Our Matrix is the neoliberalism that converts the country into an economic disaster zone while the people are distracted by the dream of a land of milk and honey that will be delivered by untrammeled market forces. Like the promise of resurrection in the Bible, this state of grace, we are told, will come to pass. We just need to have faith.

So if reason and the facts are on our side, why have we not been able to unplug Filipinos from the neoliberal dream? Why has neoliberalism become so “naturalized,” or seen as the natural order of things? I have long pondered this and come up with a number of explanations.

Explaining Neoliberal Hegemony

First, for a long time, corruption, especially in the form of crony capitalism under the dictator Ferdinand Marcos, Sr was seen as the main reason for the underdevelopment of the country, and, with its emphasis on the market instead of politics as the driver of the economy, neoliberalism was seen as an “antidote” to corruption. The government’s presence in the economy, especially its regulatory apparatus, was, in this view, the primordial source of corruption, with businesses seeking advantage, not through market competition, but via seeking special favors from officials in return for bribes.

Second, neoliberalism was not simply an external imposition. It was internalized by a whole generation of Filipino economists and technocrats who studied at U.S. universities or worked at the World Bank and International Monetary Fund at a time that Keynesianism had been displaced as the reigning economic paradigm, its credibility undermined by its failure to address the stagflation that hit Western economies in the 1970s. With its worship of the market, neoliberal ideology became synonymous with economics.

Third, the  country’s elites were unified in support of neoliberalism, with no “national bourgeoisie” around to break the consensus. The prominent role of World Bank and IMF-backed technocrats did not mean that the country’s economic elites did not play a role in promoting and institutionalizing neoliberalism. That there was wider ruling-class support for neoliberalism was evidenced by the support for it by representatives of the influential Makati Business Club, which brought together influential domestic corporate elites like the Zobels and foreign transnational corporate elites. Their support could be counted on so long as neoliberal policies did not include initiatives to demonopolize the sectors these elites dominated, such as land, real estate, and banking and finance. Neoliberal measures were mainly focused on tariff reform, weakening labor, deregulation, and privatization, so the oligarchy found them non-threatening. And, of course, those sectors of the economic elite dependent on foreign capital were all for more investment liberalization. When it came to taking a leading role in ideologically promoting neoliberalism, however, the corporate elite left that task largely to the technocrats and economists, though the Makati Business Club would occasionally weigh in at strategic junctures.

Fourth, there was, for a time, no credible alternative to neoliberalism as a paradigm after the fall of socialism and the discrediting of Keynesianism. It was only in the mid-1990s that the developmental state model, which attributed a central role to the state in the success of Japan, South Korea, and Taiwan, offered an powerful alternative paradigm. But being mainly advanced by political scientists, like Chalmers Johnson or Alice Amsden, it did not register in the line of vision of Filipino technocrats and economists in ideological thrall to the neoliberal orthodoxy.

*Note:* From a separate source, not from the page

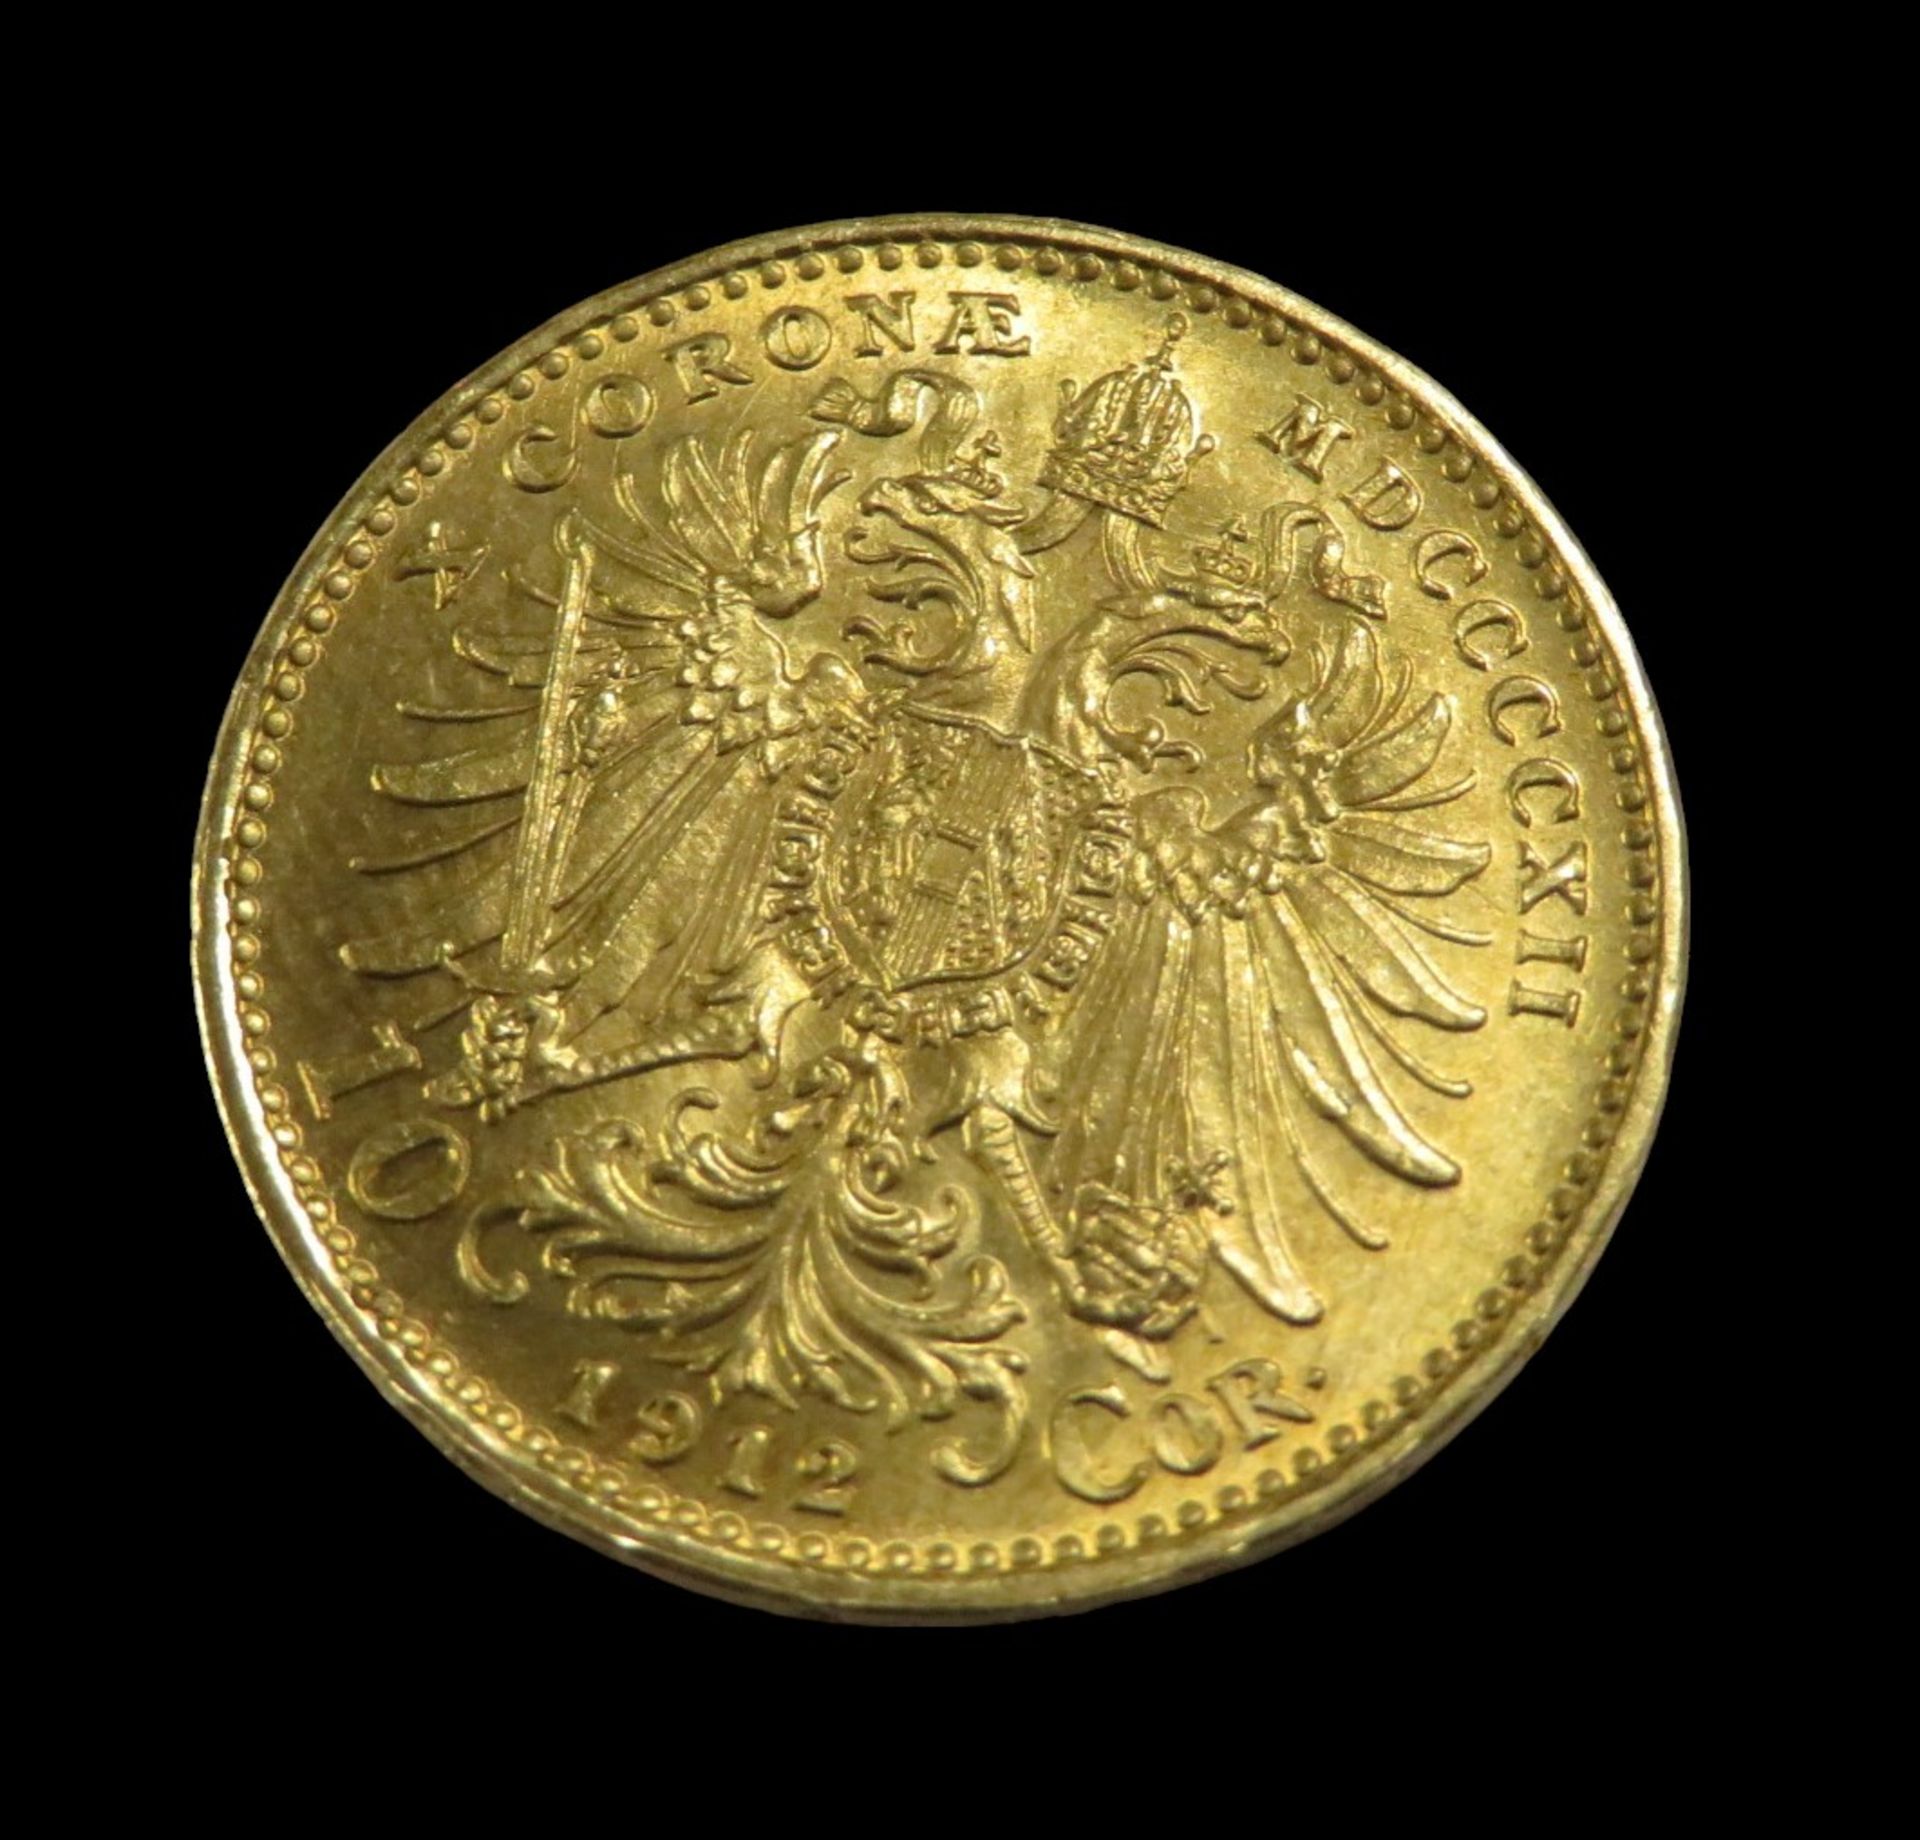 Goldmünze, Österreich, 10 Kronen, Franz Joseph I, 1912, Gold 900/000, 3,3 g, d 1,9 cm. - Bild 2 aus 2

These circumstances may help explain why even after its being discredited by the 2008-09 global financial crisis and its multiple failures to deliver on its promises locally, neoliberalism remained the default mode in economic policy-making. To be fair, there were  Filipino economists who began to question the model privately. However, there was great reluctance to publicly break with it since that would endanger professional advancement.

But are these reasons enough to explain the failure of our critique to connect with the people? There seems to have been a bigger explanation, and that is, our side was debating on the basis of facts and rationality, whereas our antagonists were coming from a stance of faith and revelation, with their revealed truth being the Friedrich Hayek-Milton Friedman bible. It was the old Reason versus Revelation debate, but in a secular guise.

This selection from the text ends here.